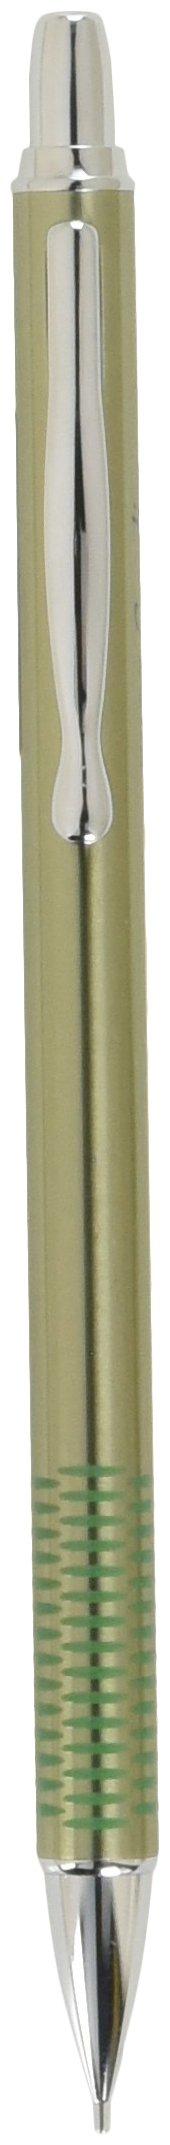 Pilot Cavalier 1SR - Portaminas (0,5 mm), color verde
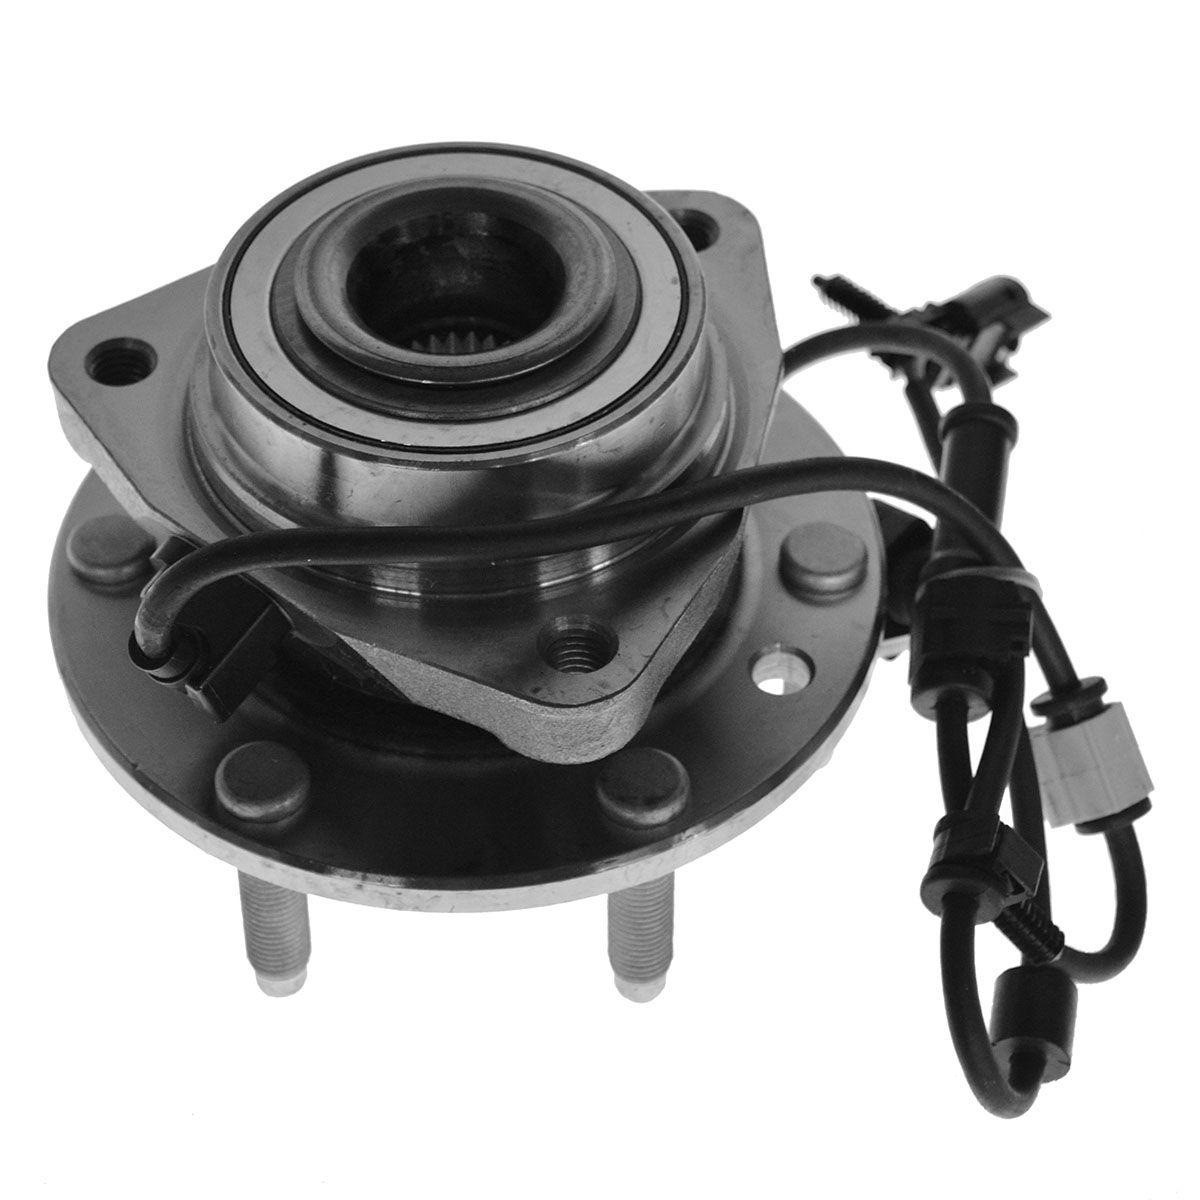 Chevy Trailblazer Envoy Bravada w ABS 6 Lug Front Wheel Hub Bearing Assembly
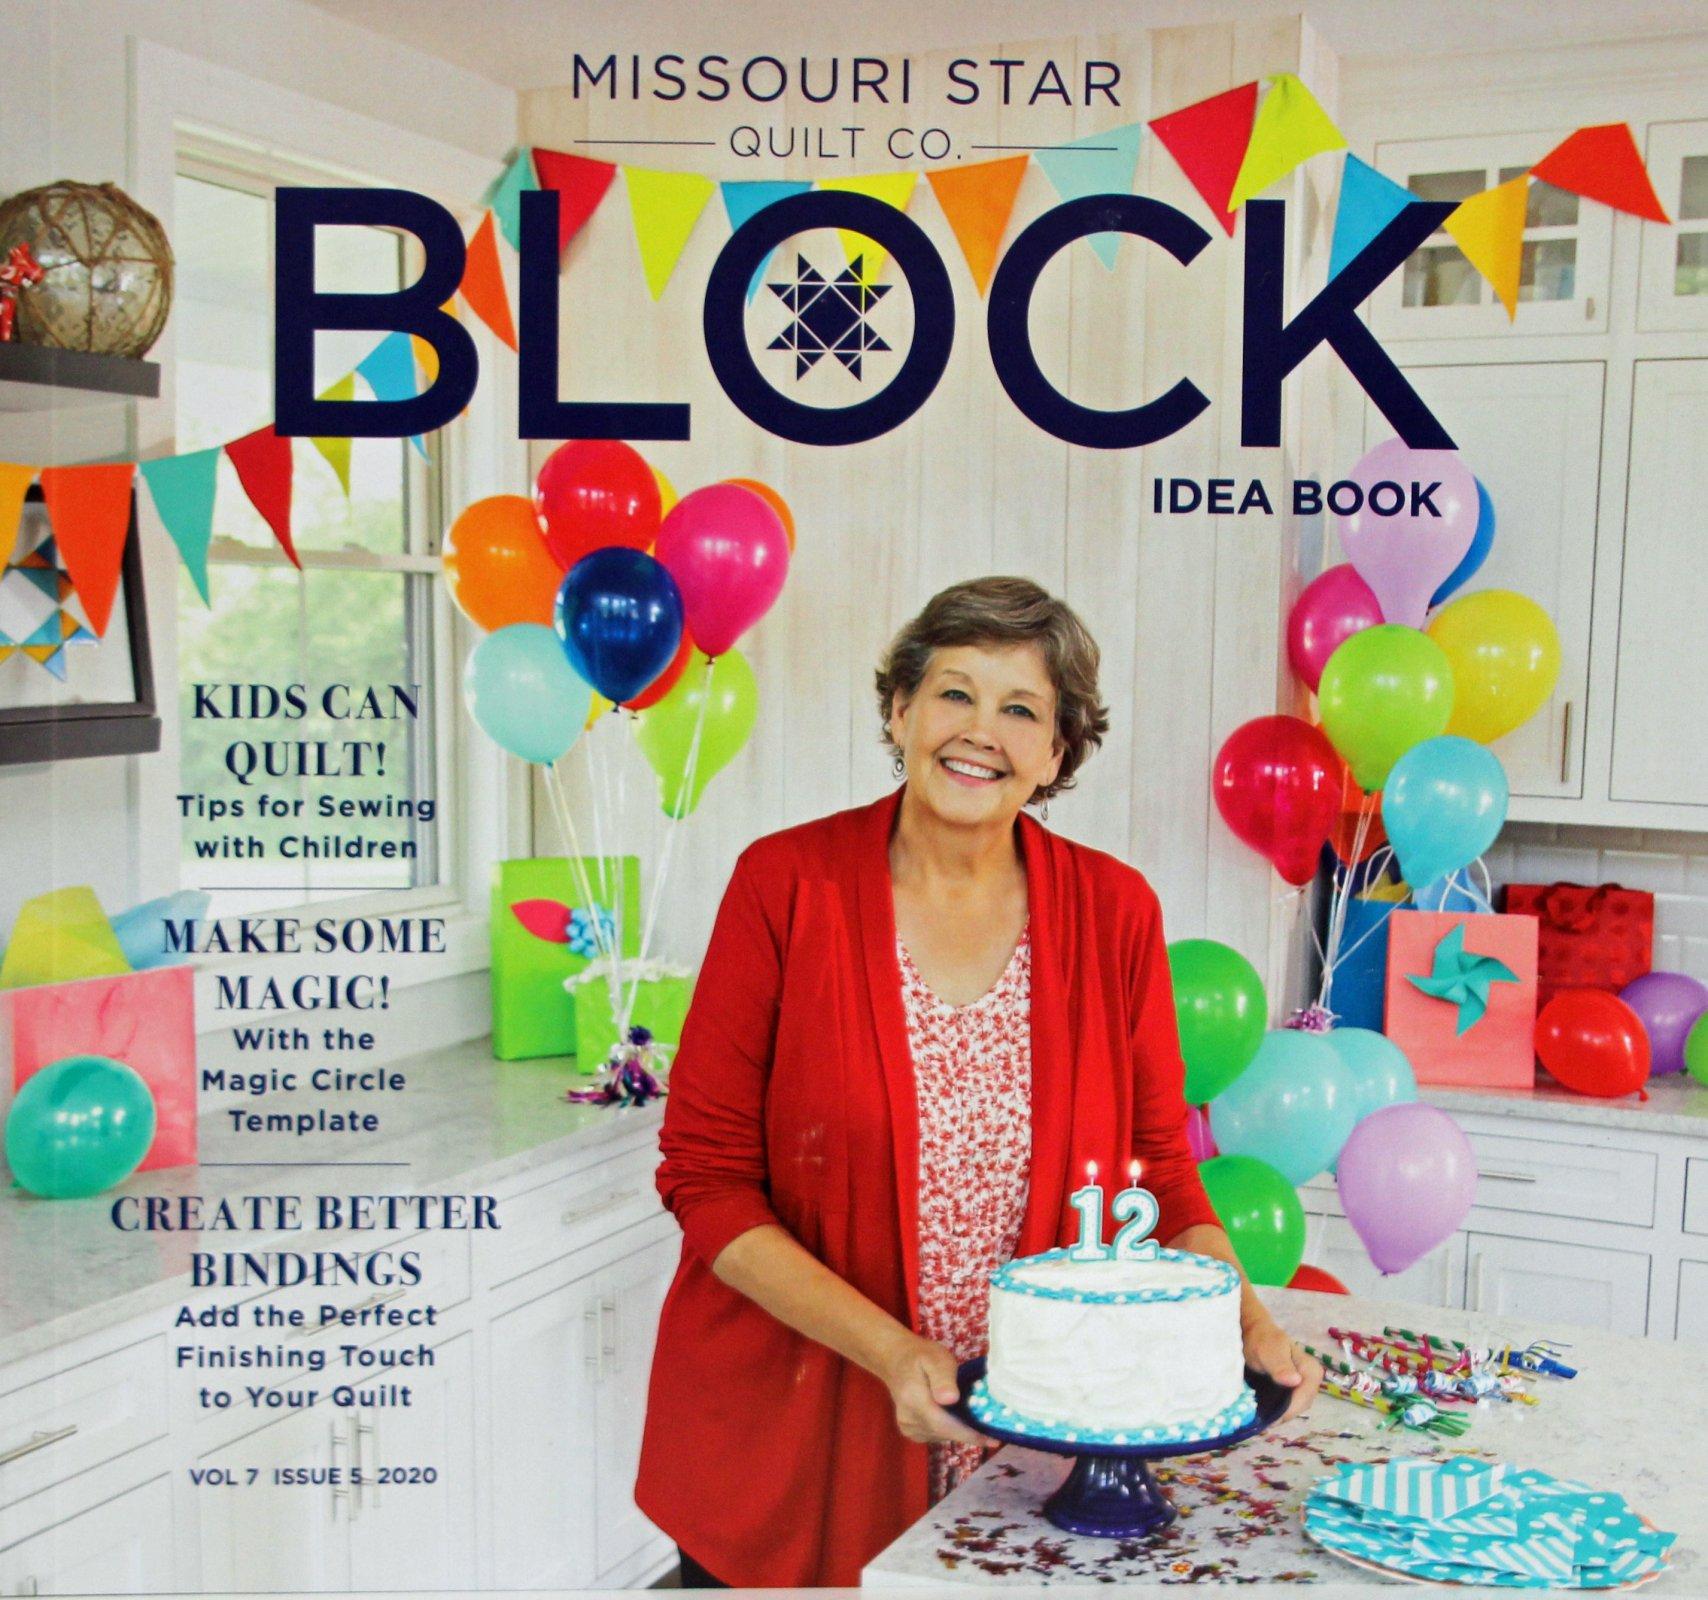 Block Idea Book, vol. 7, issue 5 2020

========================================

Your objective: Please write the material out again exactly as shown above, minus any pictures.

Solution to the exercise:
 Pilot Cavalier 1SR - Portaminas (0,5 mm), color verde
 Chevy Trailblazer Envoy Bravada w ABS 6 Lug Front Wheel Hub Bearing Assembly
 Block Idea Book, vol. 7, issue 5 2020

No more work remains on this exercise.